Went directly to the pet store and bought Nature's Miracle Skunk Remover for Kemmer who I'm sure rolled on some dead skunk over by Ron's house yesterday while I was at the dentist.  I put Skunk OFF on her last night, but it just covers the smell with a TERRIBLE floral scent. She is back at Ron's today and tomorrow until I get home - so, I'll need the real stuff by then.

Drove to the motel and checked in around 3:30 PM. Will return to the Infusion Area tomorrow morning at 7:30 AM to get Day 2 of the carfilzomid/dex.

Lab Values from 2nd Opinion Mayo Clinic Scottsdale - November 20 2012

My lab values from my 2^nd Opinion at the Mayo Clinic, Scottsdale, Arizona on 20 Nov 2012. All of their norms are slightly different than at the University of Colorado Hospital and St. Luke’s Hospital, Twin Falls, Idaho.

My wbc (white blood count) was slightly low at 3 (norms 3.4-10.6); my hemoglobin was low at 10.5 (norms 12-15.5); and platelets were low, but up to 81 (norms 149-375).

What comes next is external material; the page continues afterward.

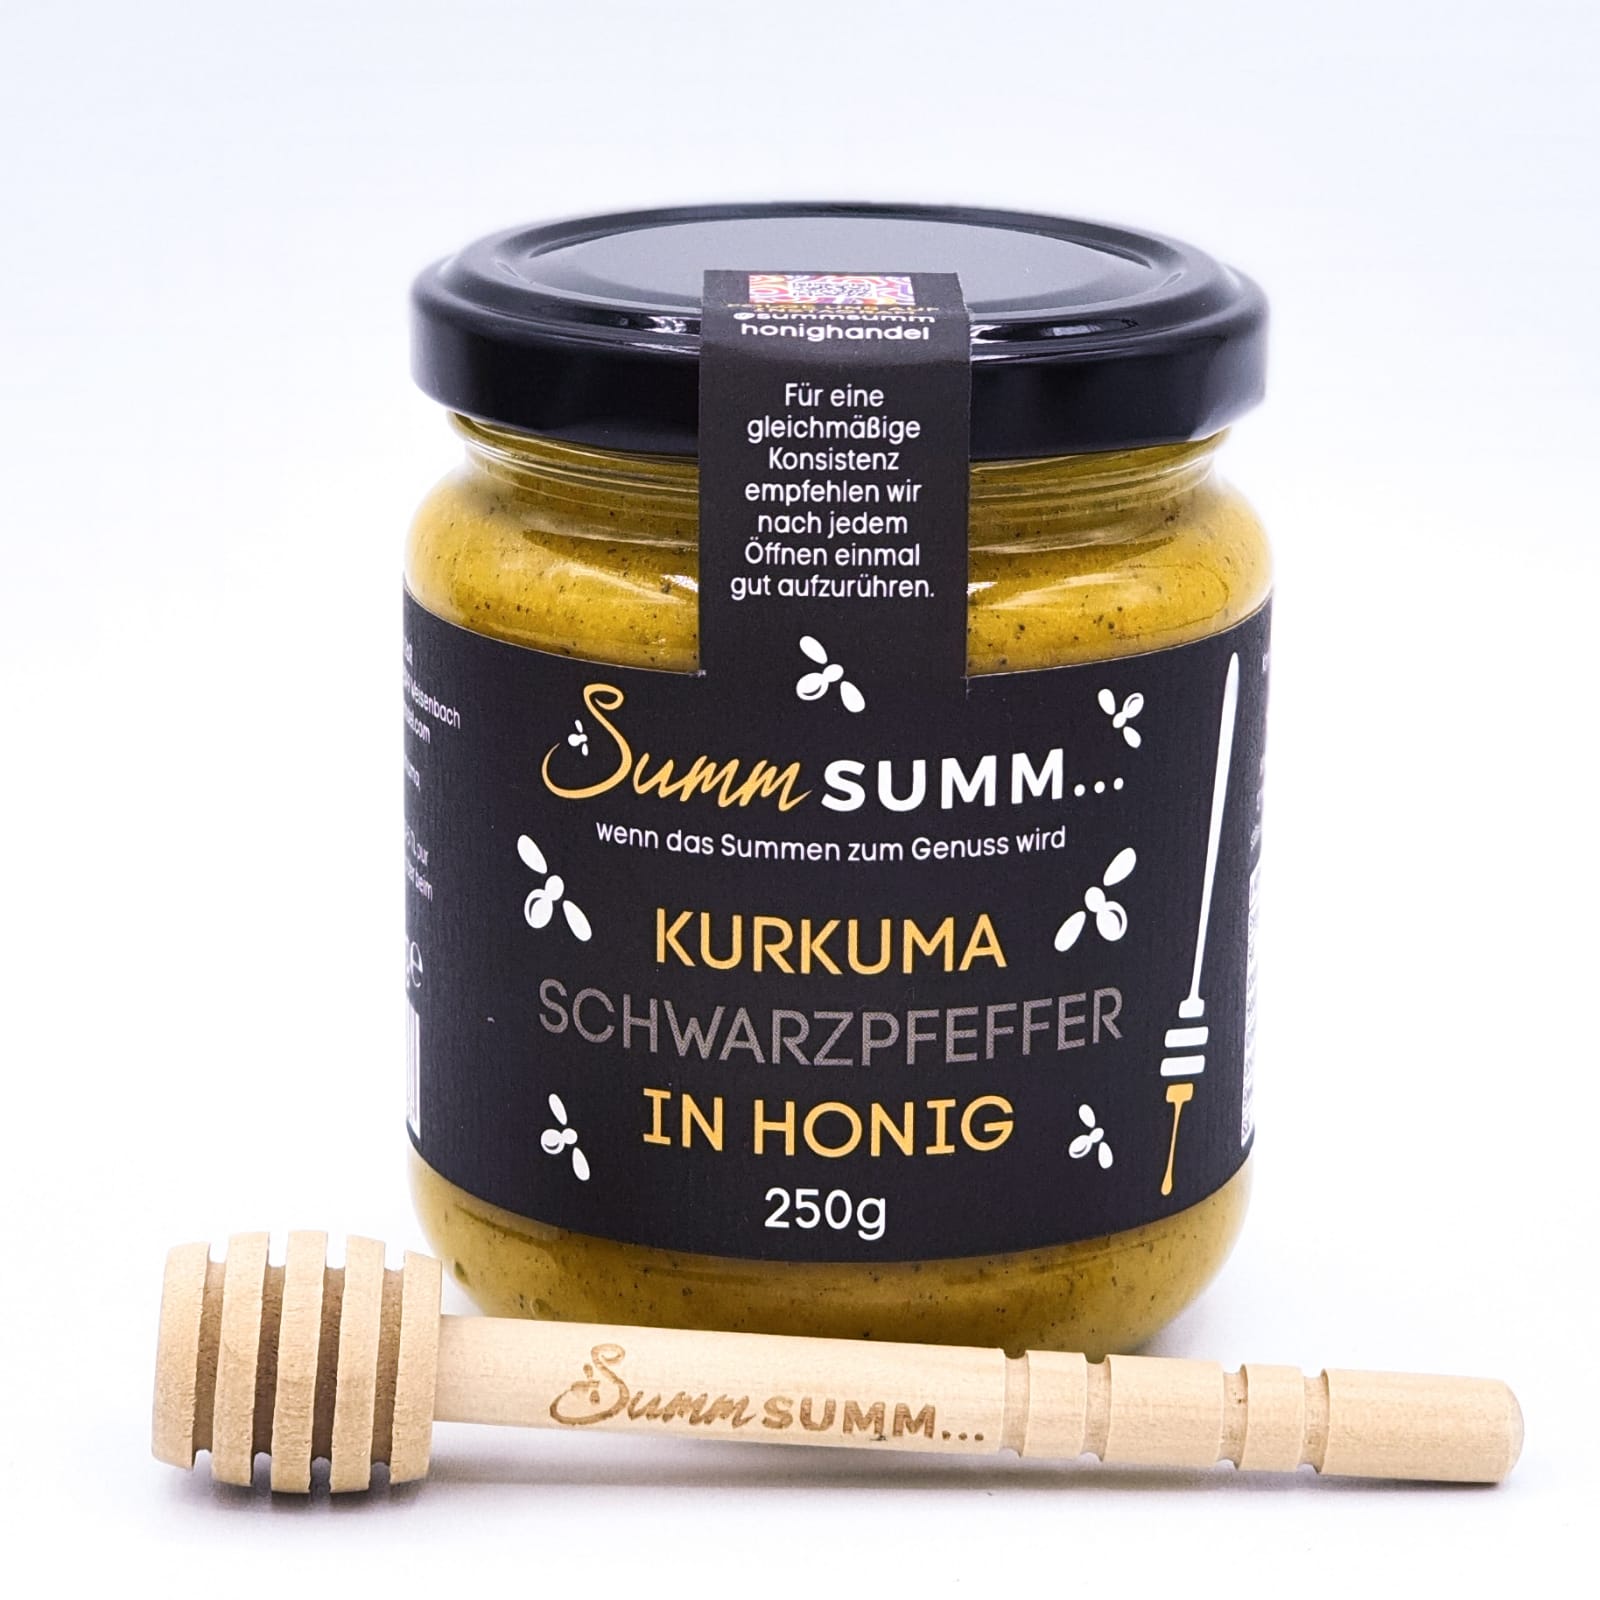 Kurkuma & Schwarzpfeffer in Honig 250 g, Summ Summ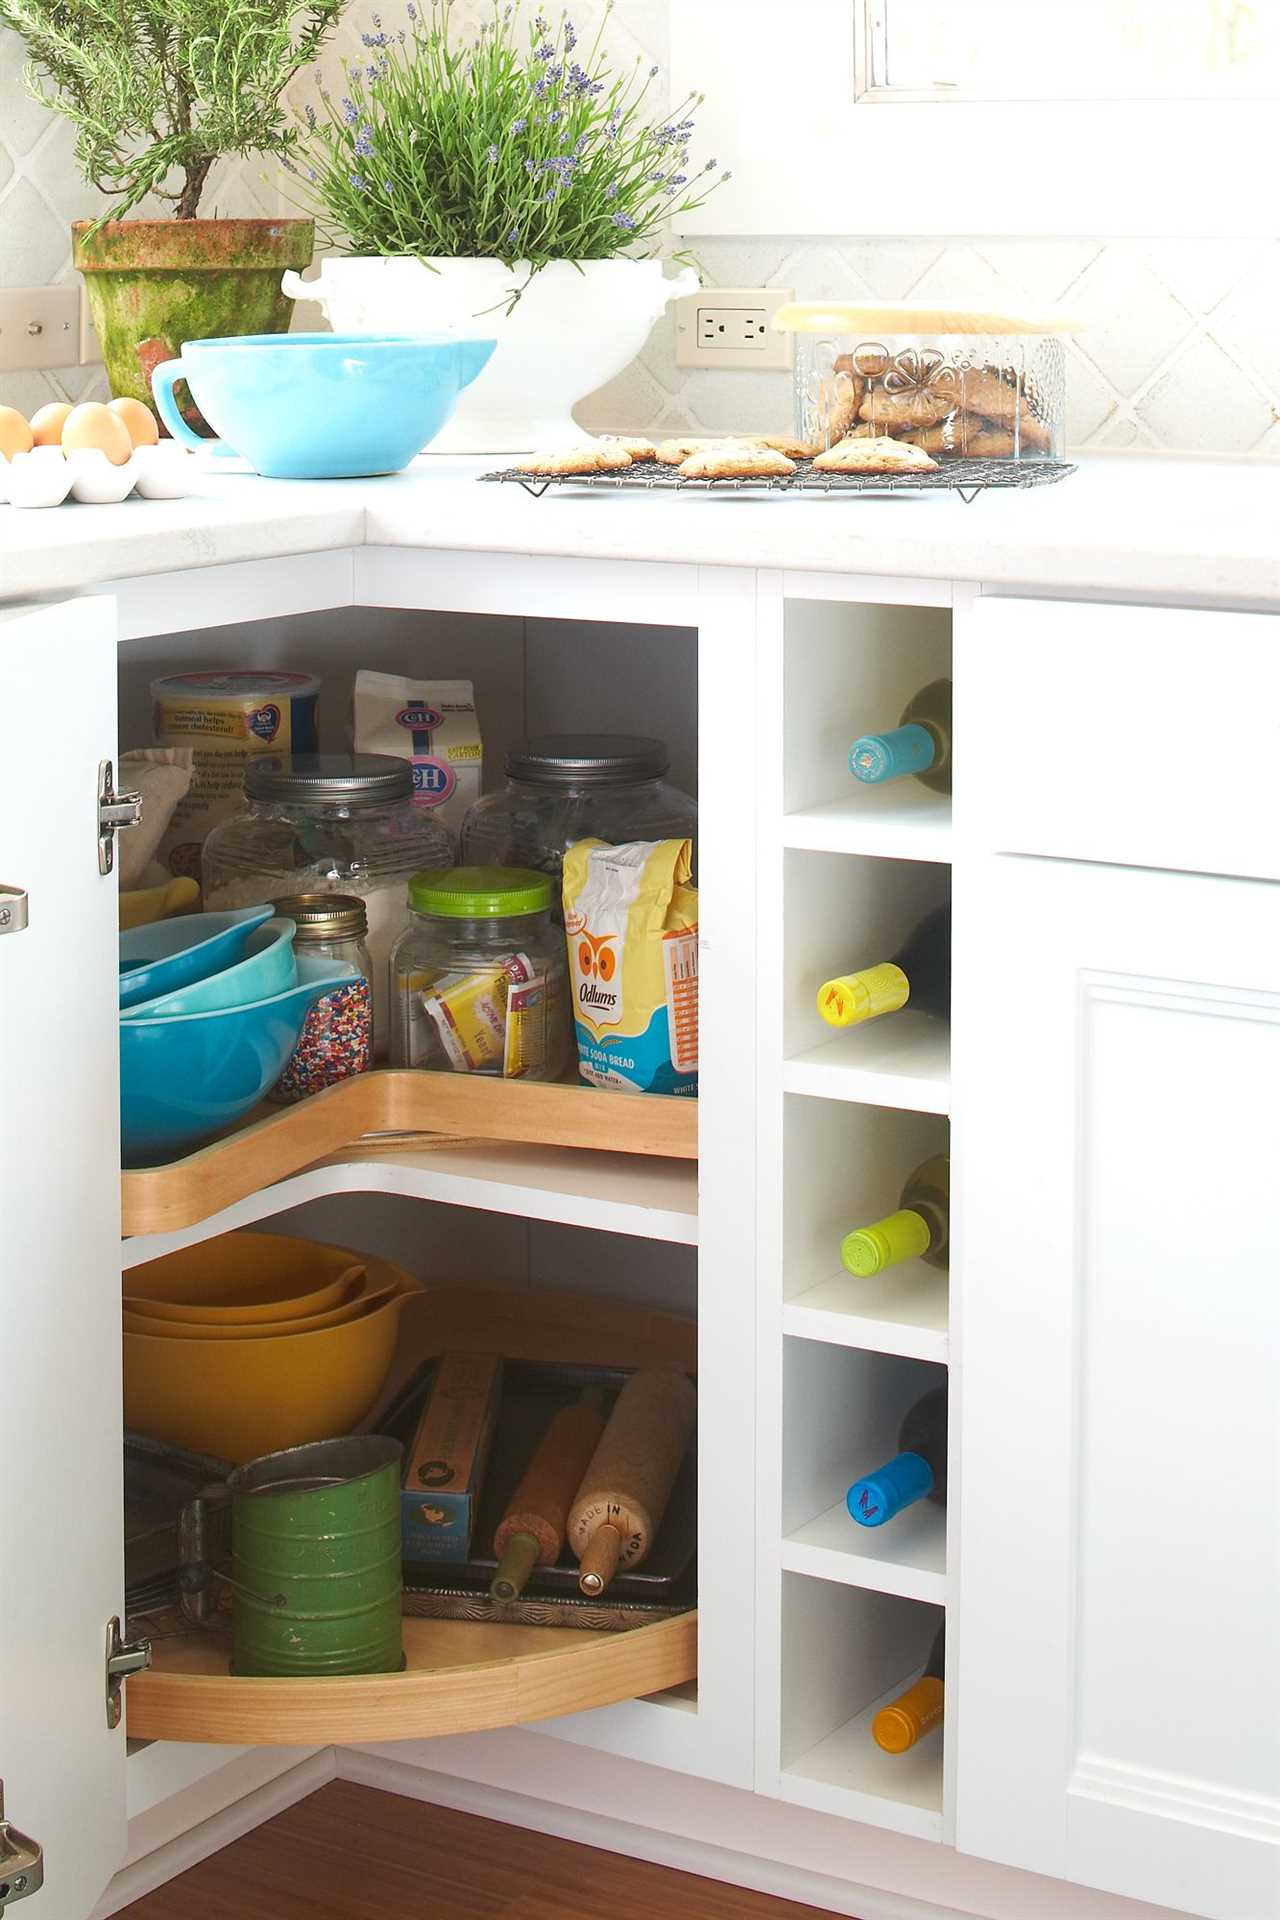 Section 1: Benefits of a Corner Kitchen Shelf

Will increase my Fragmin back to 15,000 units daily injection.

My LDH was high at 235 (norms 122-222). However, Dr. Foncesa told me that the LD values were “too broad” to make conclusions from.

My creatinine was high at 1.3 (norms 0.6-1.1). My BUN (blood urea nitrogen) was normal at 18.8 (norms 6-21). My GFR was abnormal at 41.6. But, Dr. Foncesa told me not to worry about these kidney function values.

Now the not so great news.

My M-Spike is 0.5 on 20 Nov 2012 at Mayo Clinic Scottsdale. It had been 0.3 on 17 Oct 2012 at UCH. Normal is ZERO.

My immunoglobulins are still non-existent - I think, this is to be expected after 2 autologous stem cell transplants (ASCT) - I'm Day 186 since the 2nd ASCT. This means I have no immunity to invaders.